Después de controlar según el sexo, la categoría de afiliación y la densidad socioeconómica, la composición racial del vecindario persistió como un parámetro significativo predictivo del uso basal problemático y no problemático de benzodiazepinas y del índice de interrupción de la terapia luego de la introducción del PPT. Al inicio, los residentes de barrios negros tuvieron una probabilidad ajustada (odds ratio [OR]) significativamente más baja de uso no problemático en comparación con los residentes de barrios blancos (OR: 0.81) y un riesgo aún más bajo de uso problemático (OR de 0.43). Sin embargo, después de la introducción del programa, los residentes de barrios negros presentaron OR ajustados mucho más altos de cese del tratamiento en la categoría de uso problemático (OR de 1.77) y no problemático (OR de 1.78). Los residentes de barrios hispánicos y mixtos también tuvieron índices iniciales más bajos de uso basal potencialmente problemático en comparación con los sujetos de barrios esencialmente blancos, pero mayor riesgo de interrupción de uso problemático y no problemático.

Al principio se registraron índices ajustados inferiores de cambios de farmacias entre los residentes de barrios negros (OR de 0.67), hispánicos (OR de 0.92) y racialmente mixtos (OR de 0.85) en comparación con los habitantes de vecindarios con predominio de blancos.

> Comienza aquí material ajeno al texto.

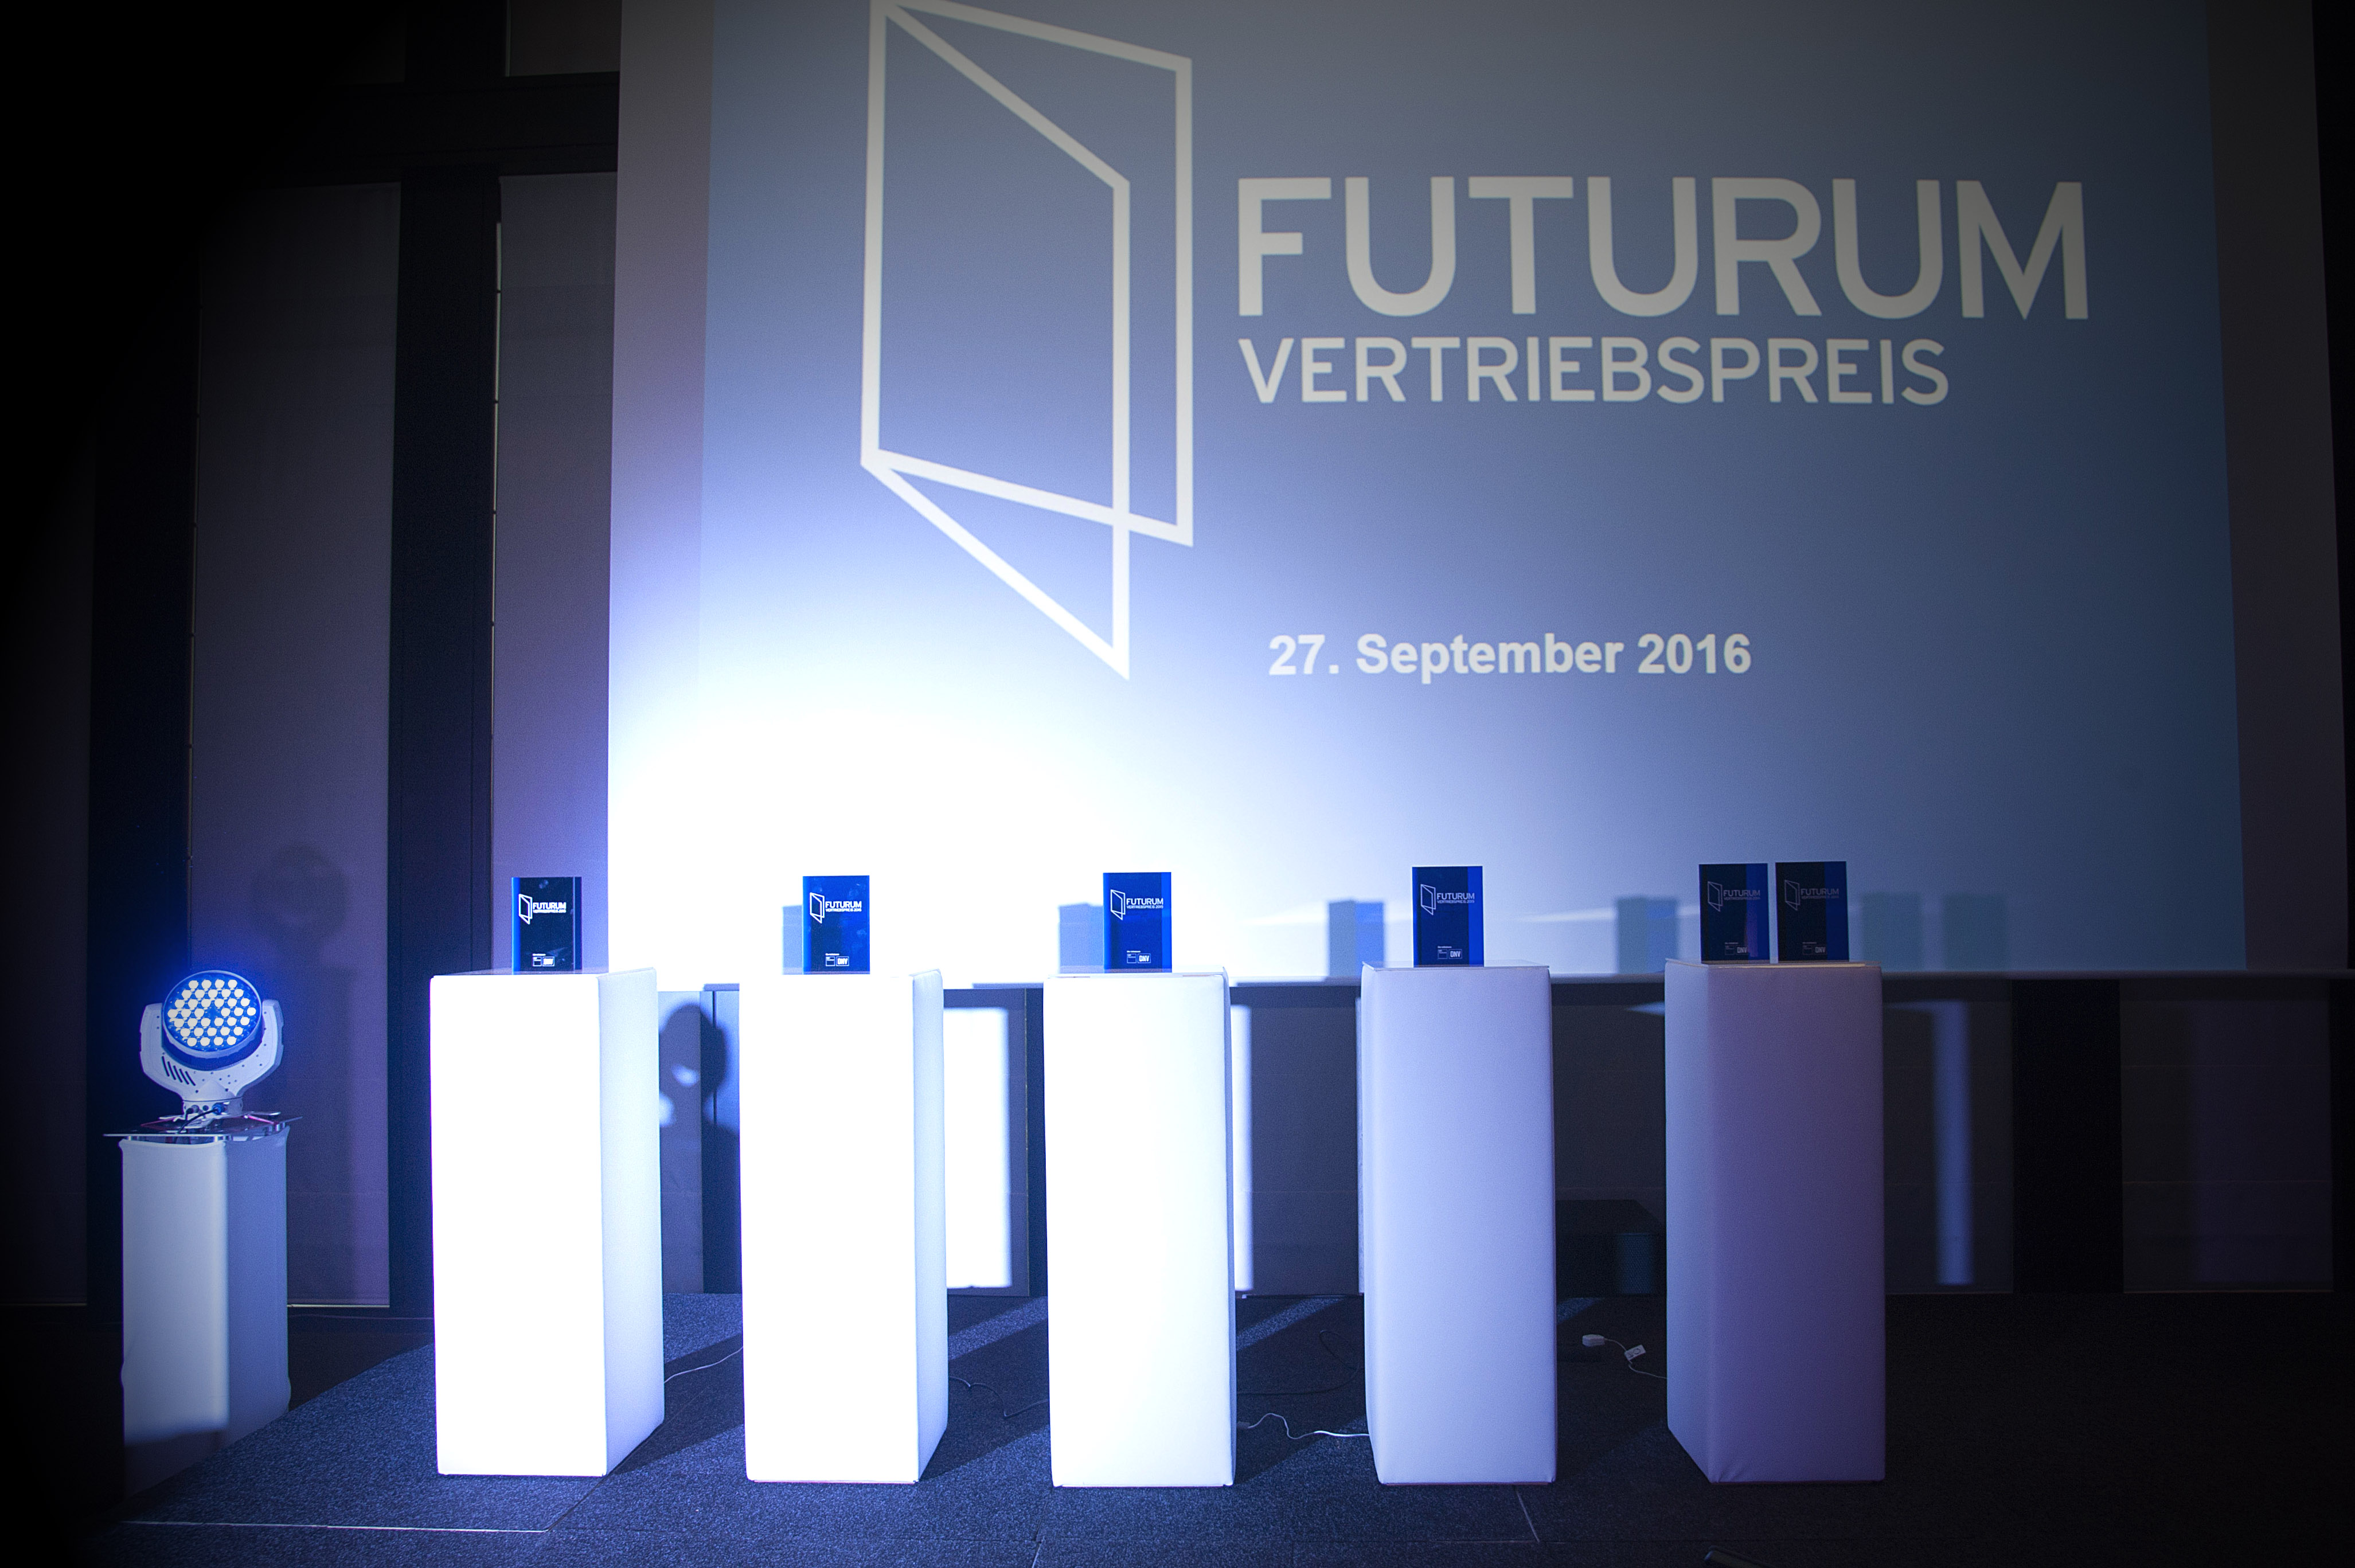 futurum-vertriebspreis-2015

A pesar de este patrón basal de consumo, los residentes de barrios negros (OR 3.16), hispánicos (OR de 1.61) y racialmente mixtos (OR de 1.48) presentaron probabilidades más altas de interrumpir esta situación que los habitantes de barrios blancos.
Finalmente, los pacientes esquizofrénicos de barrios negros y racialmente mixtos (OR de 0.43 y 0.78) tuvieron menor riesgo ajustado de utilización basal de benzodiazepinas en comparación con los habitantes de vecindarios blancos. Un hecho importante fue que a pesar del patrón inicial de utilización, los pacientes esquizofrénicos de raza negra presentaron el índice más alto de interrupción de la terapia (OR ajustado de 2.26) después de la introducción del programa en comparación con los pacientes de raza blanca. Este fenómeno también se registró entre los hispánicos (OR ajustado de 2.0) respecto de los habitantes de otros barrios.

Luego de la introducción del PPT se registró una reducción del 50% en el número de fármacos vendidos entre residentes de vecindarios blancos, prescriptos por profesionales y comprados en farmacias de los mismos barrios. Después del control según el vecindario, del profesional y del lugar donde se ubicaba la farmacia se registró un descenso adicional en el uso de benzodiazepinas entre los sujetos de barrios negros o racialmente mixtos.